> Exercise details: Please output exactly the lines below, starting at the line that has "5 star meal" and ending at the line that has "image/2015-12-29T213A203A56-1.JPG", both included; leave out all pictures and include nothing else.

> Information given:
---

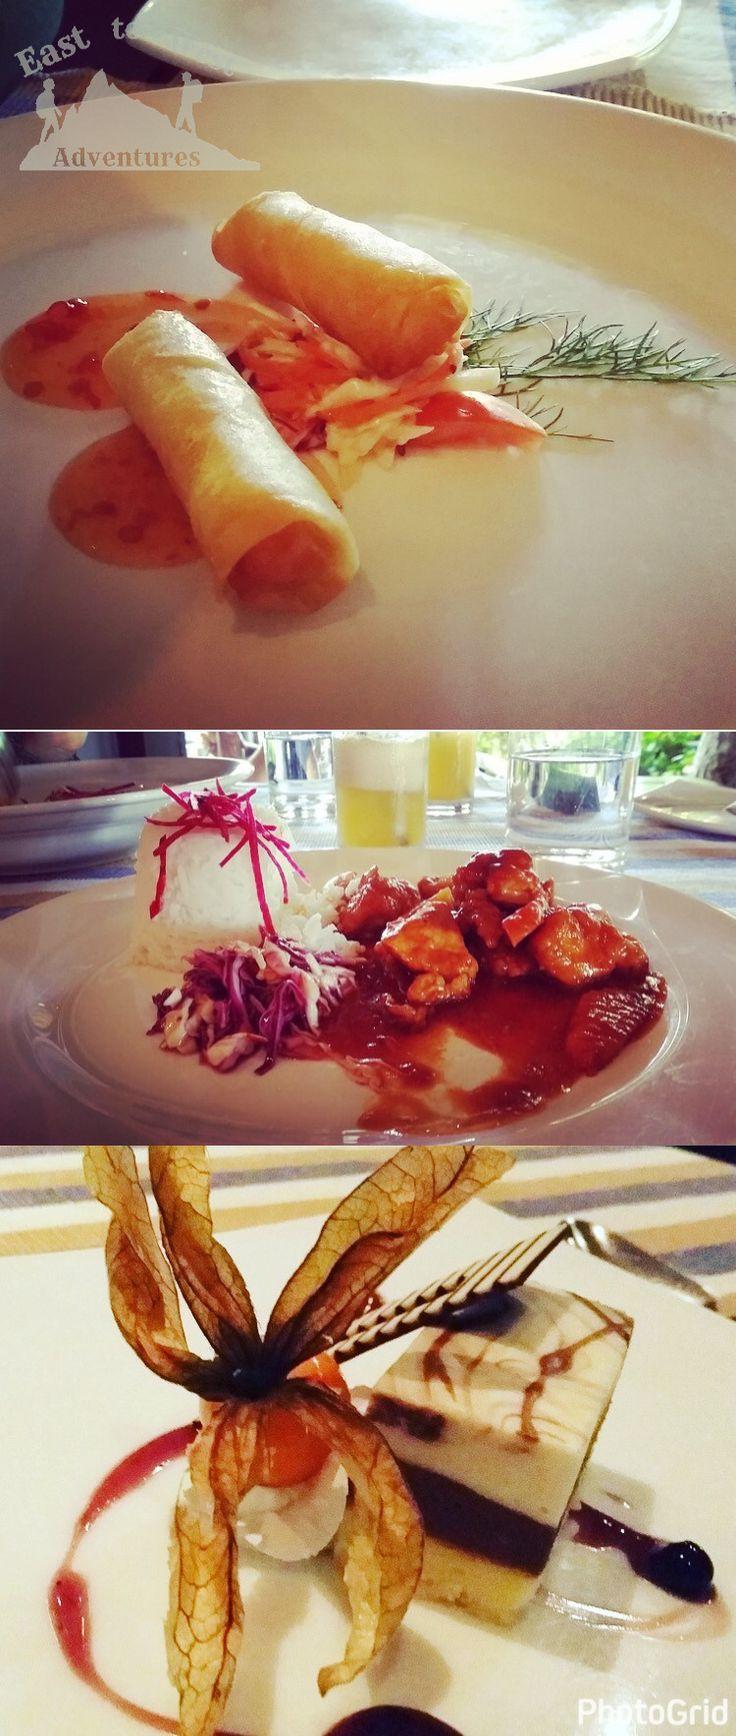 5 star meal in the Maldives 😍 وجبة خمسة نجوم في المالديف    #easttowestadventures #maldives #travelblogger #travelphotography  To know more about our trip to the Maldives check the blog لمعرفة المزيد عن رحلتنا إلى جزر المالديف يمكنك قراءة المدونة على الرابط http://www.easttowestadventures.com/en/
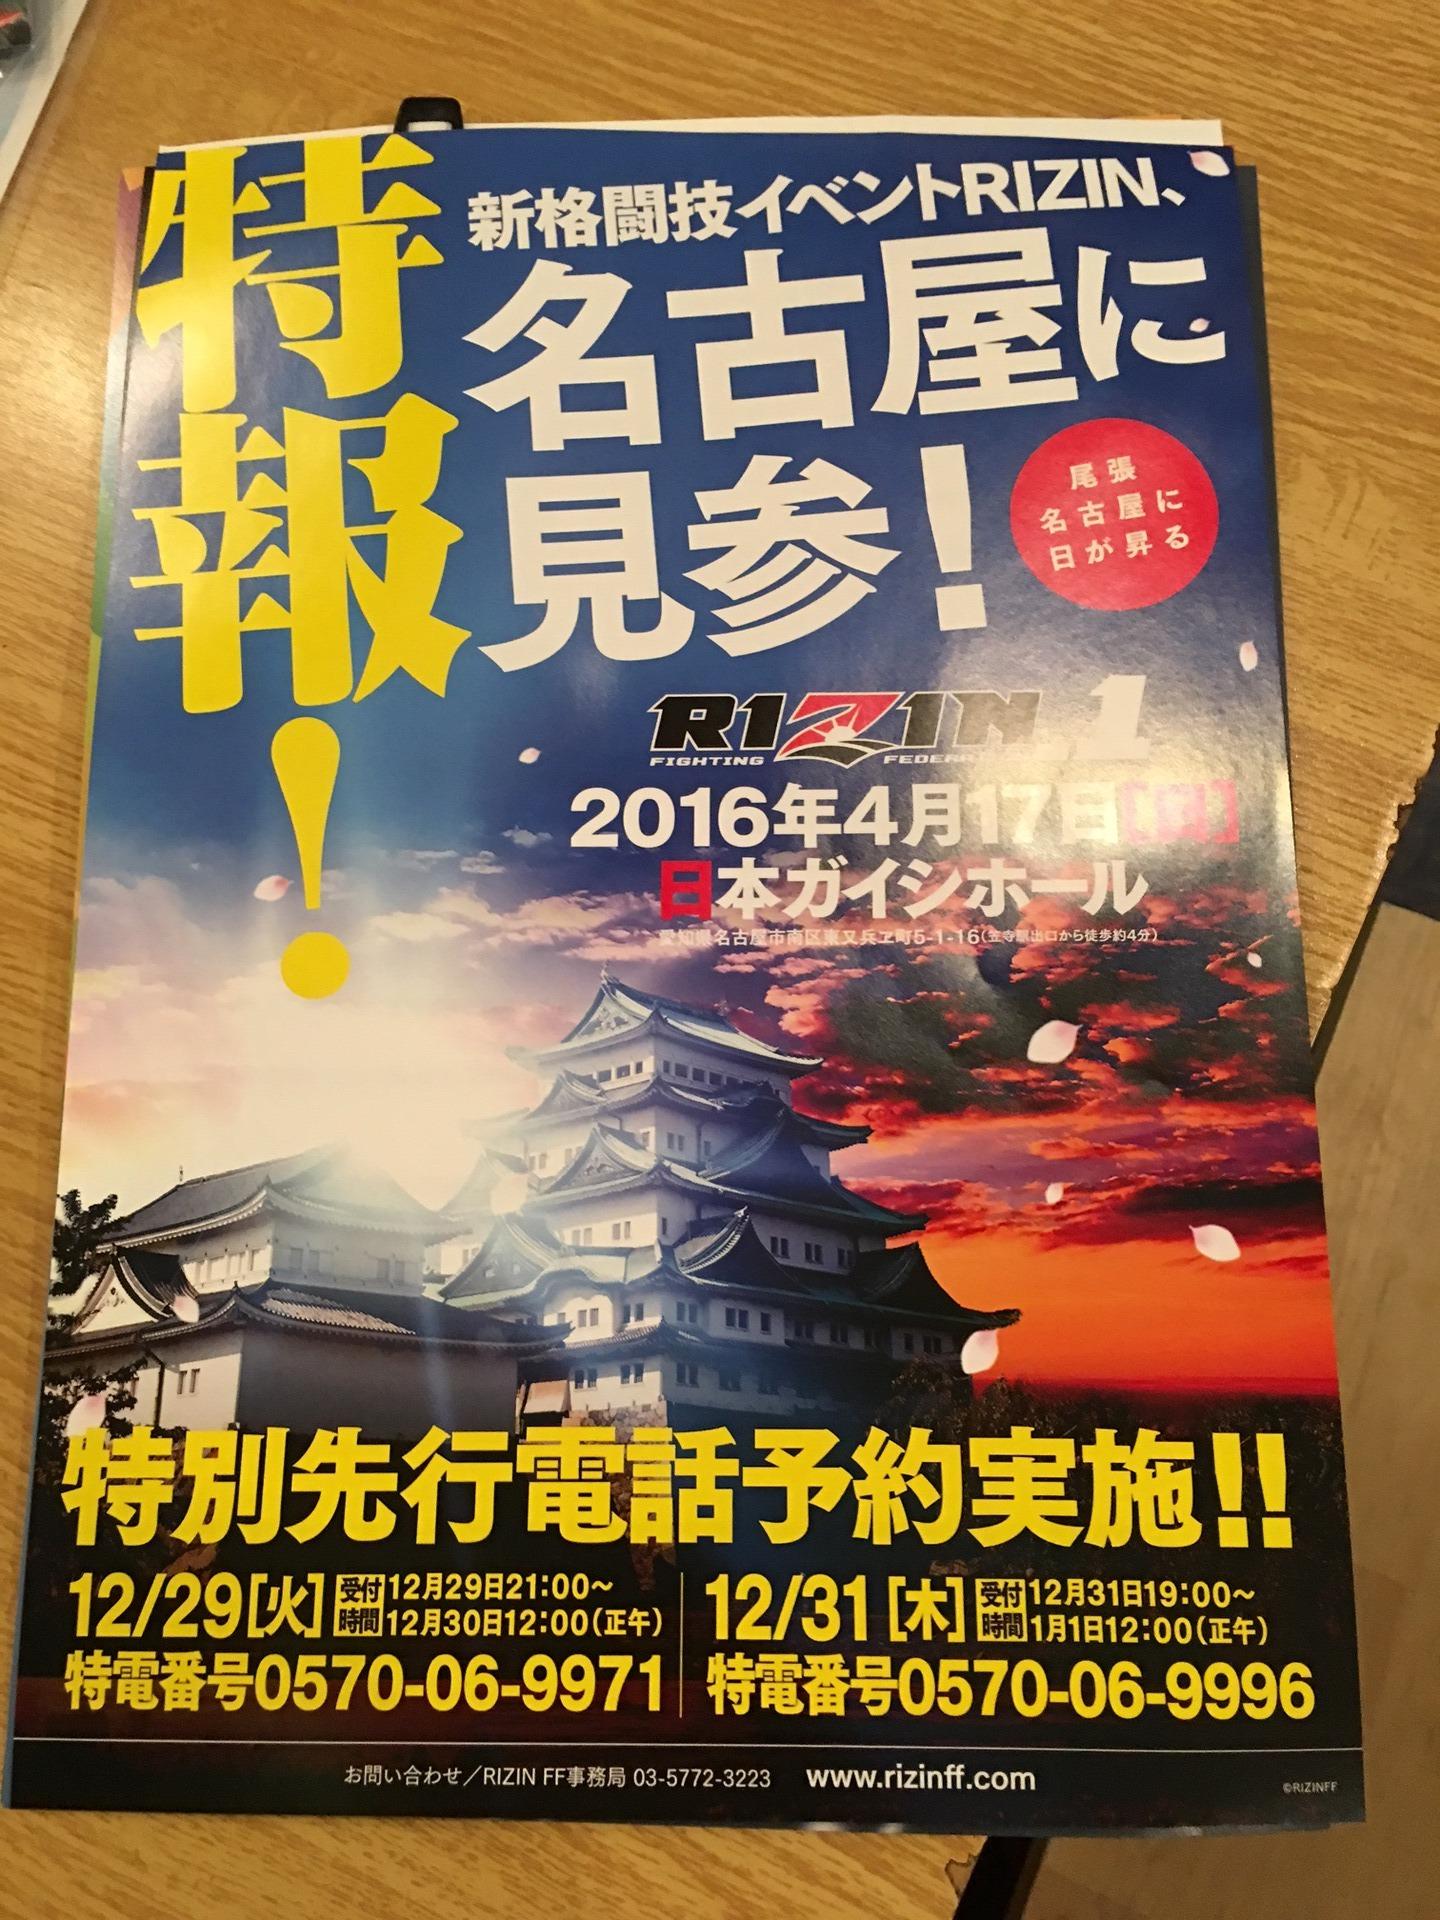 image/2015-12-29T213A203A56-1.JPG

---

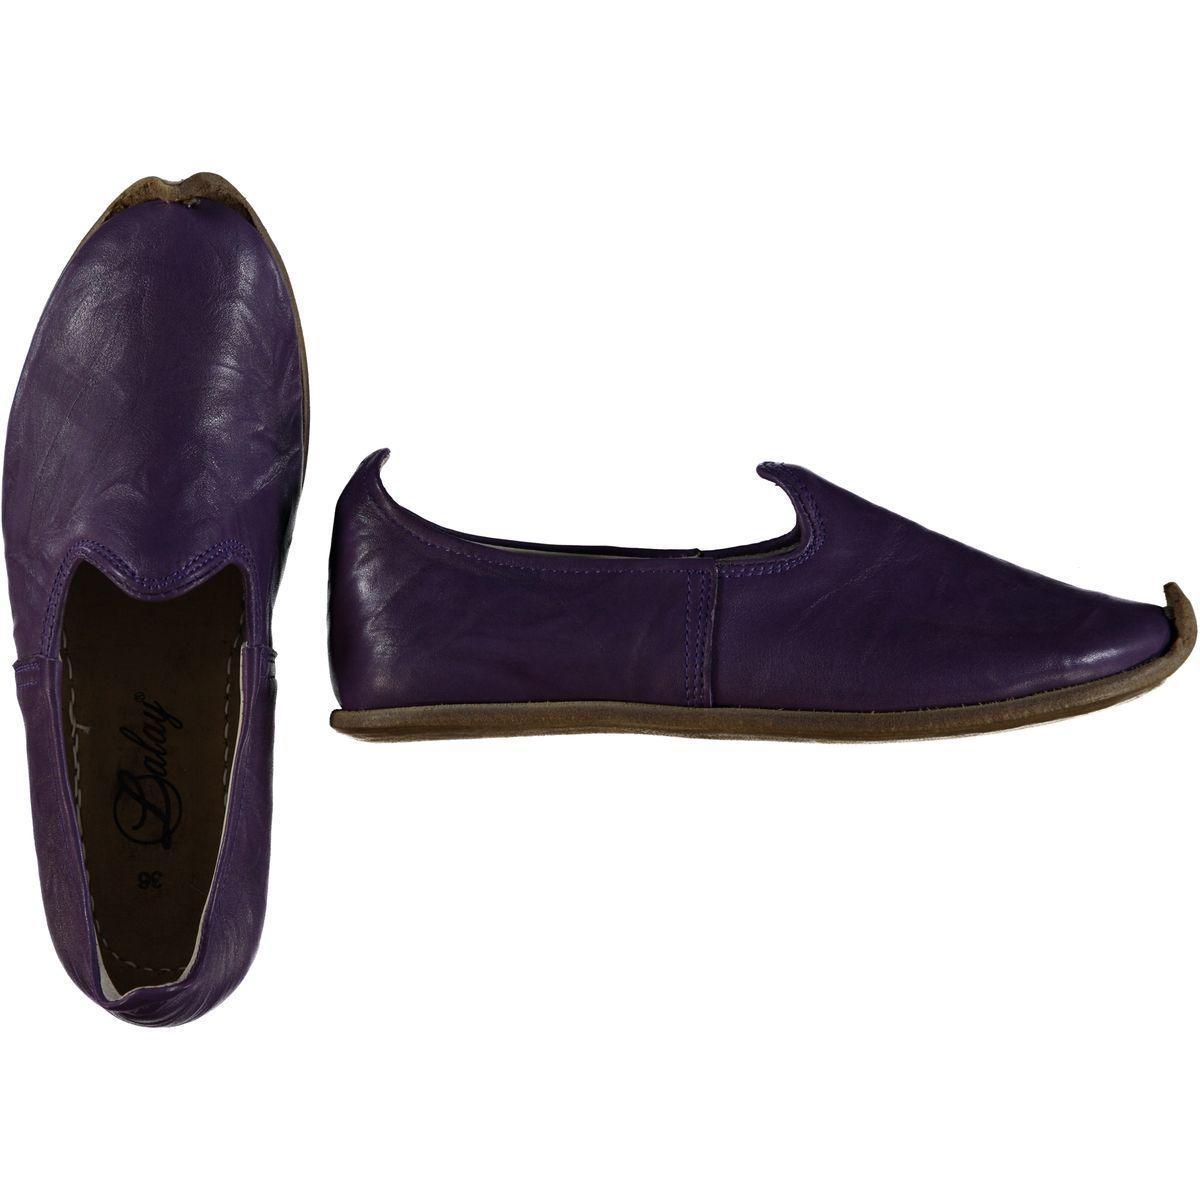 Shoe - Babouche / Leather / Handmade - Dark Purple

---

> Solved exercise:
 5 star meal in the Maldives 😍 وجبة خمسة نجوم في المالديف    #easttowestadventures #maldives #travelblogger #travelphotography  To know more about our trip to the Maldives check the blog لمعرفة المزيد عن رحلتنا إلى جزر المالديف يمكنك قراءة المدونة على الرابط http://www.easttowestadventures.com/en/
 image/2015-12-29T213A203A56-1.JPG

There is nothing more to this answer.